General Motors abruptly announced it now plans to stop building and engineering cars in Australia by the end of 2017. The decision will end almost 90 years of car making in Australia by GM’s Australian subsidiary, Holden.
The announcement follows testimony before a parliamentary commission by GM’s ranking executive in Australia that GM could no longer sustain its manufacturing operations “Down Under” without help from substantial subsidies from the Australian government.
Currently only GM’s Holden, Ford and Toyota currently manufacture vehicles there. Ford already announced it planned to close its Australia car factories by the end of 2016 and Toyota is expected to follow suit shortly.
Mike Devereux, the managing director of GM’s Holden subsidiary, had warned the commission, “There is a level of assistance that needs to be there for GM to make a business case viable to be able to make cars here.” Holden had lost roughly $130 million in 2012.
However, the new Australian Prime Minister, Tony Abbott, had campaigned against industrial subsidies. Abbott’s government is preparing to cut the annual subsidies for carmakers still operating in Australia by $450 million in 2014.
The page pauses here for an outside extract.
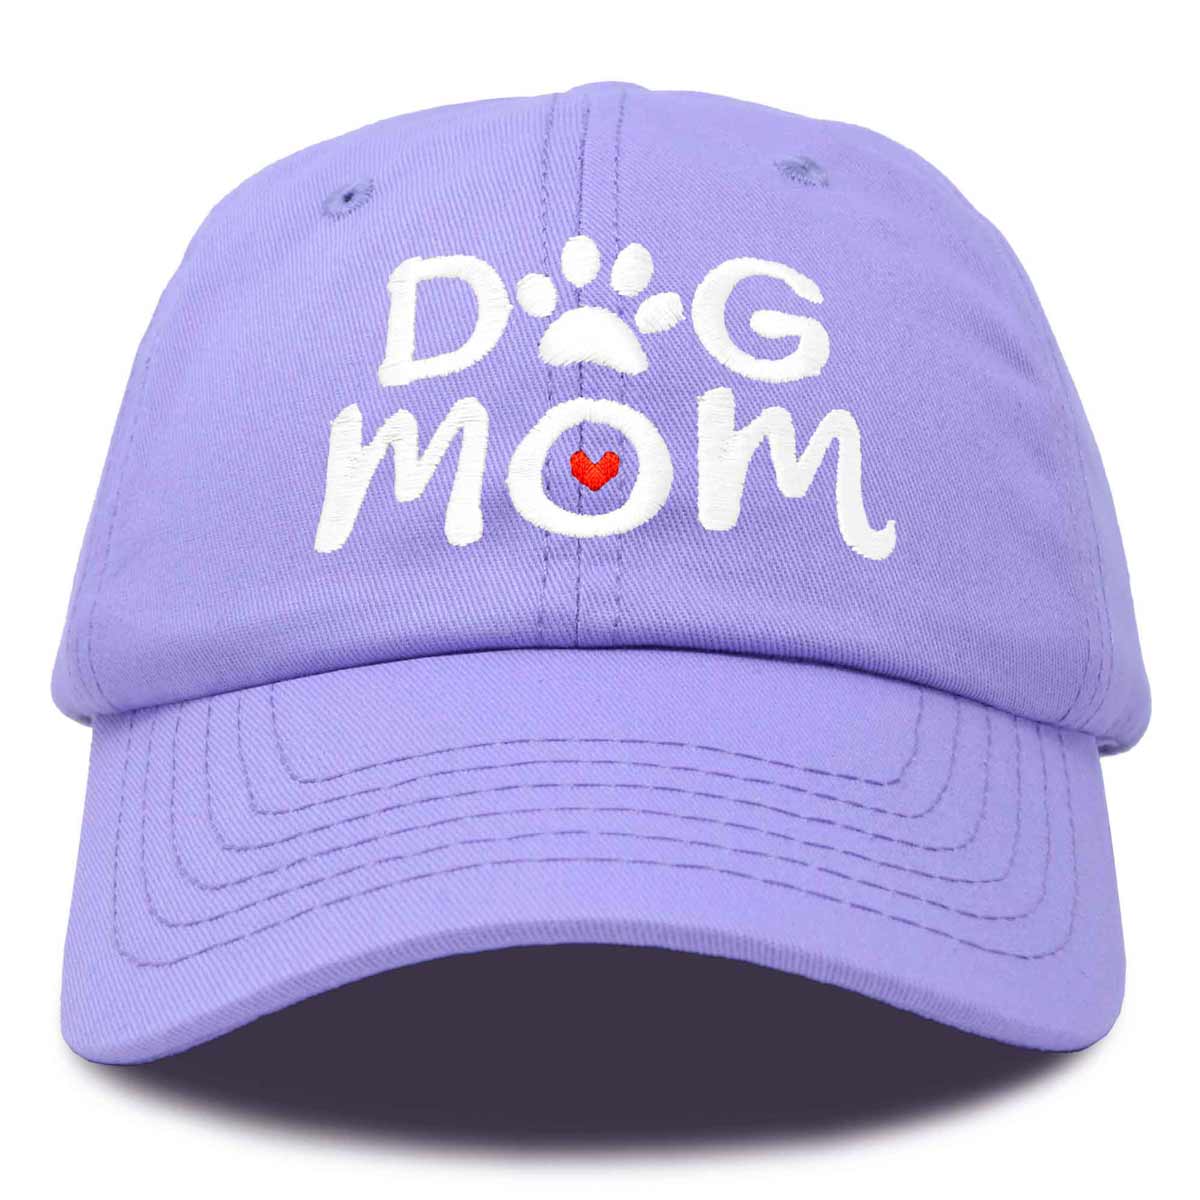 Dalix Dog Mom Cap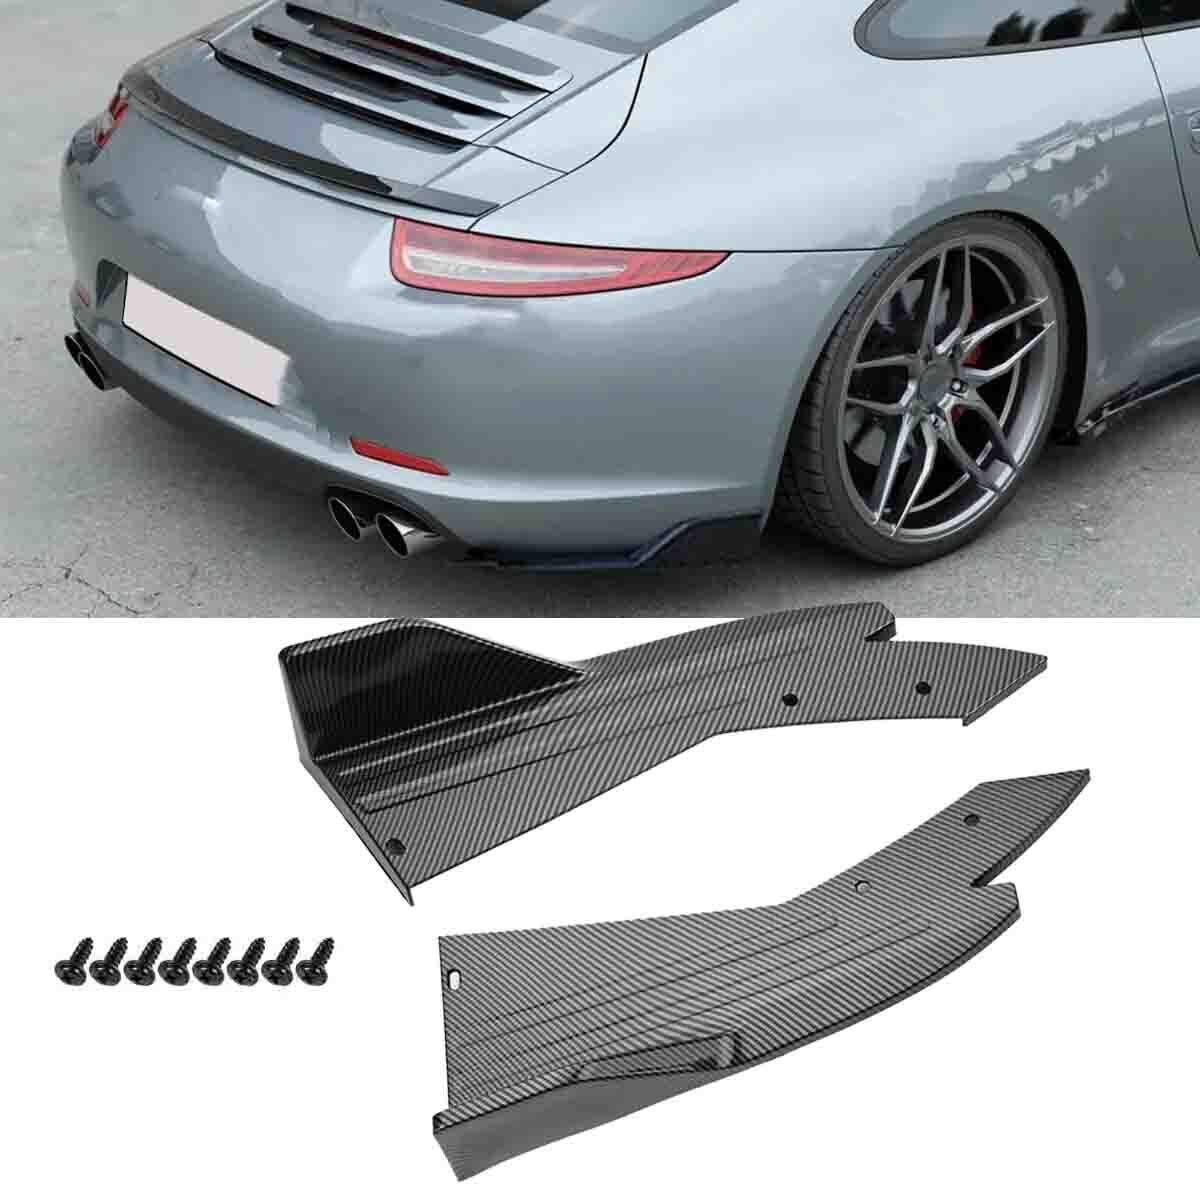 Rear Bumper Diffuser Spoiler Lip Splitters For Porsche Carrera GT 911 996 997

The auto industry in Australia has depended on government subsidies for years in the face of rising costs, a relatively strong Australian dollar, cheap imports and weak exports, experts said. Sales figures show that only about 13% of the vehicles sold in Australia are made in Australia. Thirty years ago, 80% of the cars sold in Australia were actually made in Australia.
In addition, Holden had developed a modest export business that shipped vehicles from Australia into the Middle East. Now, GM plans to turn its operations in Australia and New Zealand into a national sales company that will sell vehicles built at GM factories in other countries, most likely China, South Korea and Thailand.
(Fate of GM’s operations in Australia uncertain. For more, Click Here.)
With the cost of building vehicles in Australia rising, GM has been making greater use of vehicles built in North America to fill orders destined for the Middle East. For example, GM expects nearly one third of the new Chevrolet Suburbans and Tahoes built in Texas to be exported to customers in the Middle East.
Since the bankruptcy, GM also made a concerted effort to improve the plant utilization rates at its factories in North America, according David Cole, the former chairman of the Center for Automotive Research in Ann Arbor, Mich.
(Click Here for more about GM pulling Chevy from Europe.)
In addition, GM’s International Operations are now facing a write off of nearly $1 billion, following a decision by the company’s top management to pull Chevrolet out of markets across Europe. GM hasn’t announced the timing of the write offs, but they are certain to eat into the profitability of GM’s International Operations in the next couple of quarters.
GM had spent millions of dollars in trying to build up Chevrolet reputation with European consumers. But the effort lost momentum due to the collapse of new car sales in Europe and ultimately wound up undercutting GM’s efforts to rebuild Opel/Vauxhall.